The Freedom of Access to Clinic Entrances Act turns a local crime (interfering in any way with the operation of an abortion clinic) into a federal case. The justification for the law hinges on the modern fashionable-but-absurd notion that any thing that can be tied to something else in another state (and in which money plays any role, large or small) brings that thing under the jurisdiction of the federal government, courtesy of the Constitution's "commerce clause", should the government choose to exercise such jurisdiction.

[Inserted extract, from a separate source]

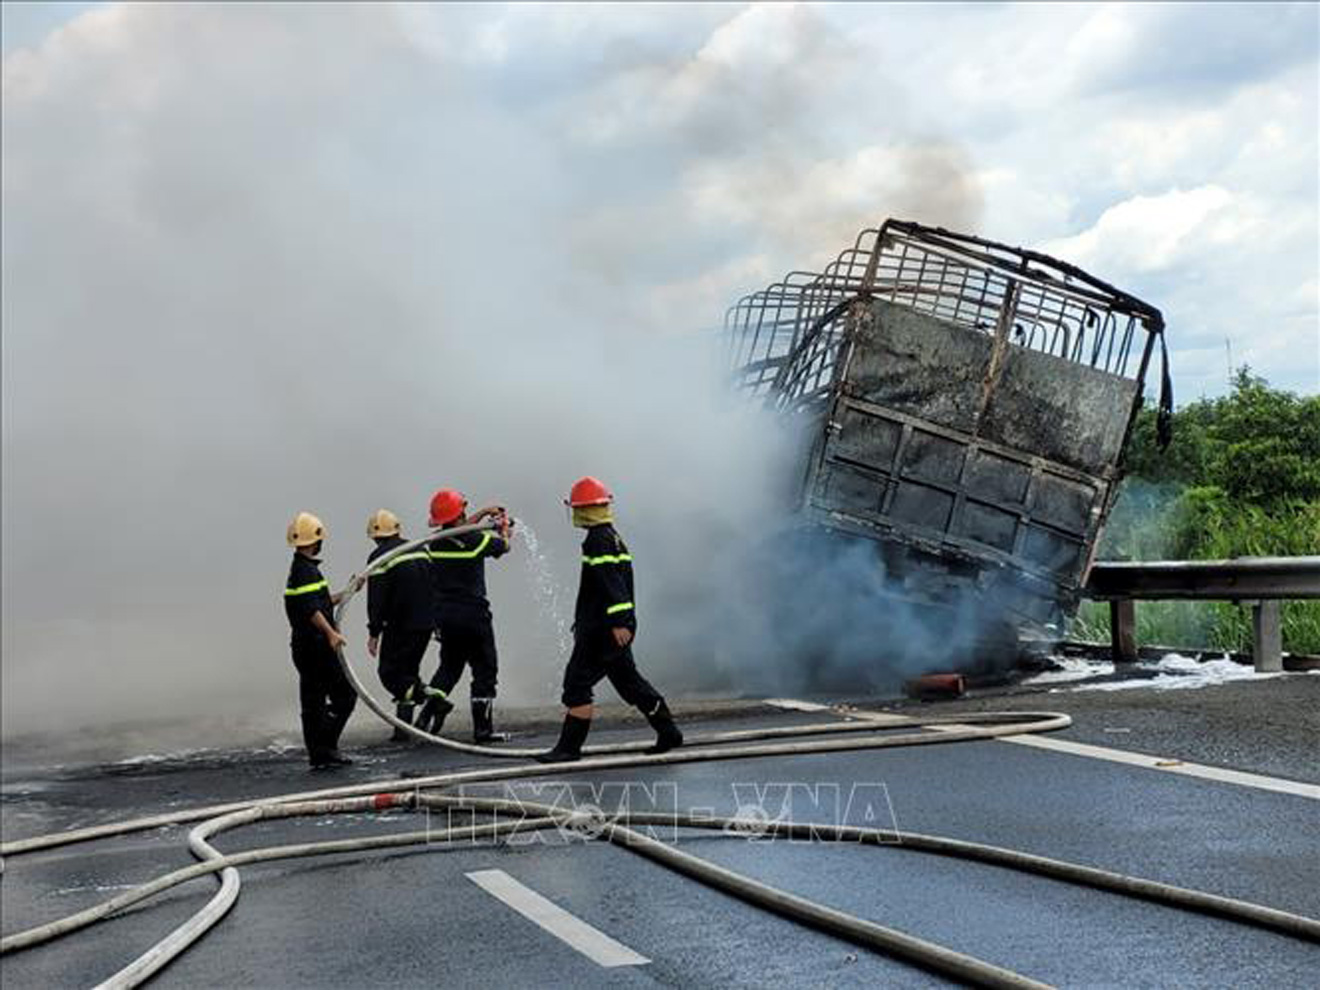 Cháy xe chở dầu, Cháy xe chở dầu trên cao tốc, Cao tốc Trung Lương, Cháy, cao tốc Trung Lương cháy xe chở dầu, Long An cháy xe chở dầu, Cháy xe, xe chở dầu

In a case before the 5th U.S. Circuit Court of Appeals, the argument is being made that a man's act of violence against a Houston abortion clinic (ramming his van into the building) may dissuade abortionists in some other state from practicing their craft, and thus this is a matter of interstate commerce, and thus the malefactor can be prosecuted in federal courts under FACE. The Bush administration has gone so far as to dispatch an Assistant U.S. Attorney General to bolster this argument.

I'm not jumping on this simply because it involves abortion -- FACE is bad law because it relies on a twisting of the Constitution that leaves nothing of significance outside of Congress' grasp.

I realize that the Bush administration has a less than ideal record on defending the Constitution, but I wish it would draw the line somewhere. This case would be a meaningful place to do so.